Files
gh-k-dense-ai-claude-scient…/skills/aeon/references/anomaly_detection.md
2025-11-30 08:30:10 +08:00

155 lines
4.8 KiB
Markdown

# Anomaly Detection
Aeon provides anomaly detection methods for identifying unusual patterns in time series at both series and collection levels.

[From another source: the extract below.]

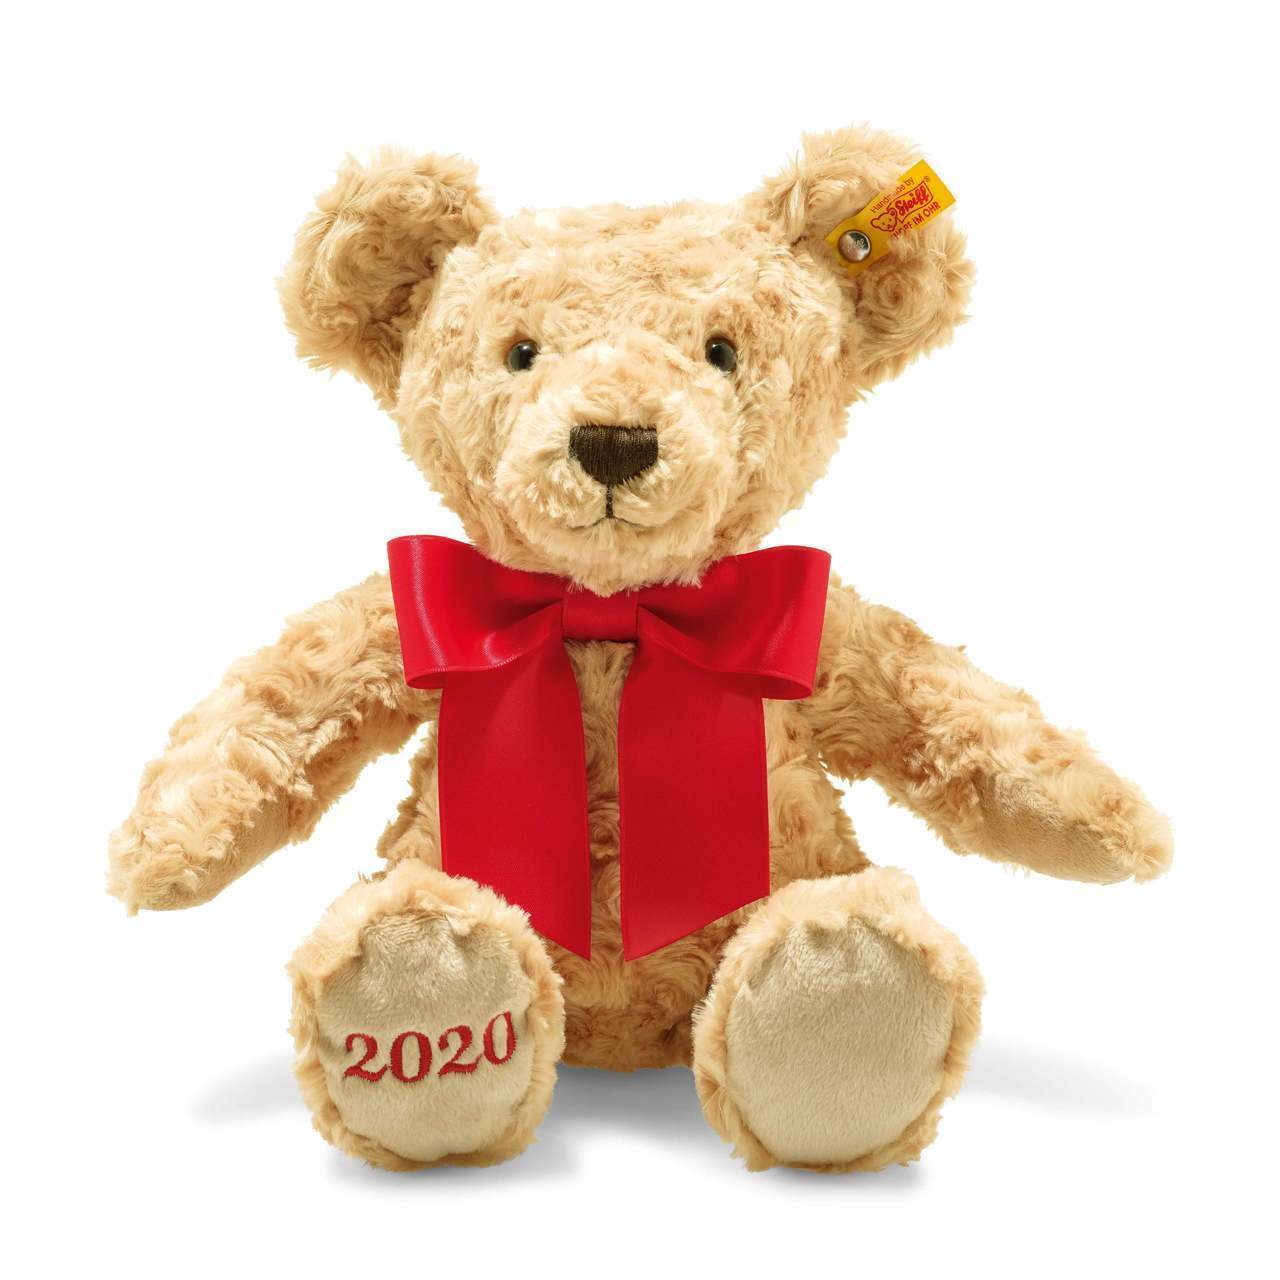 Cosy Year bear 2020 by Steiff - EAN 113475
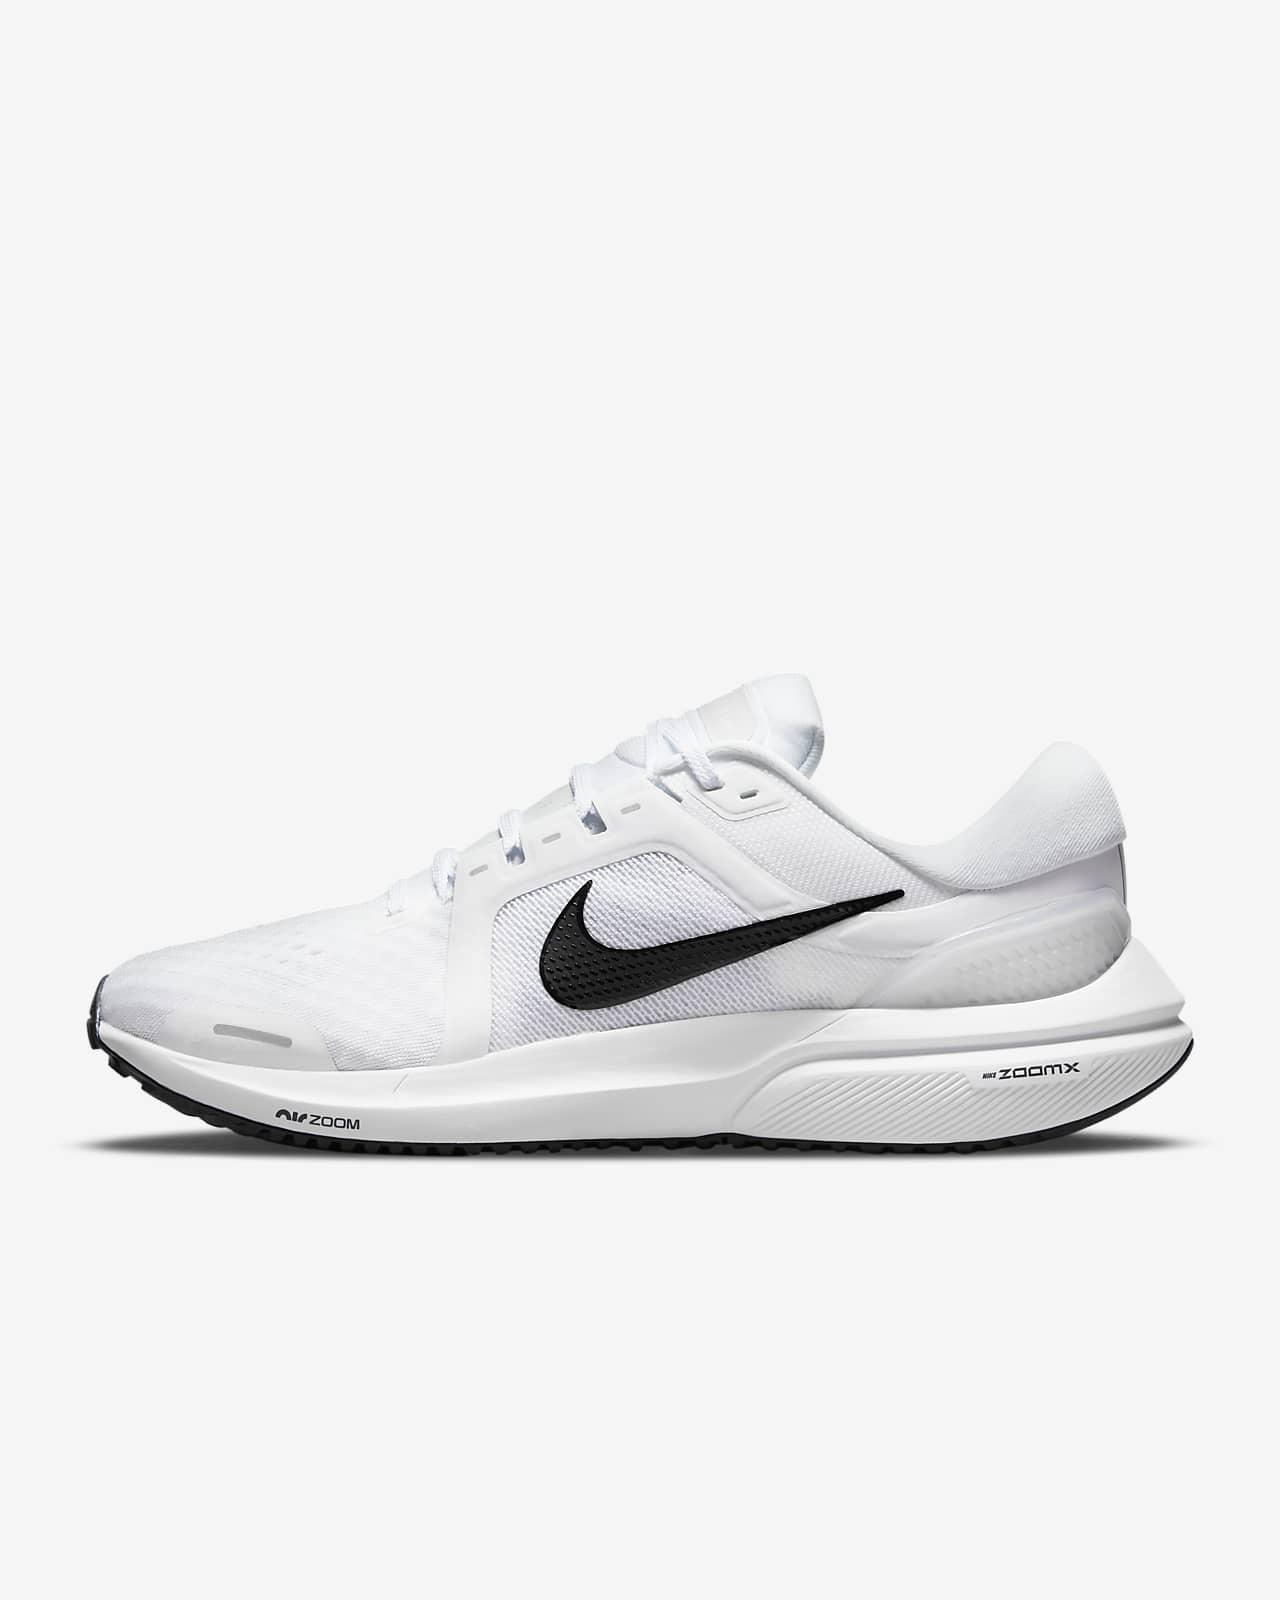 Chaussure de running sur route Nike Air Zoom Vomero 16 pour Homme

## Collection Anomaly Detectors
Detect anomalous time series within a collection:
- `ClassificationAdapter` - Adapts classifiers for anomaly detection
- Train on normal data, flag outliers during prediction
- **Use when**: Have labeled normal data, want classification-based approach
- `OutlierDetectionAdapter` - Wraps sklearn outlier detectors
- Works with IsolationForest, LOF, OneClassSVM
- **Use when**: Want to use sklearn anomaly detectors on collections
## Series Anomaly Detectors
Detect anomalous points or subsequences within a single time series.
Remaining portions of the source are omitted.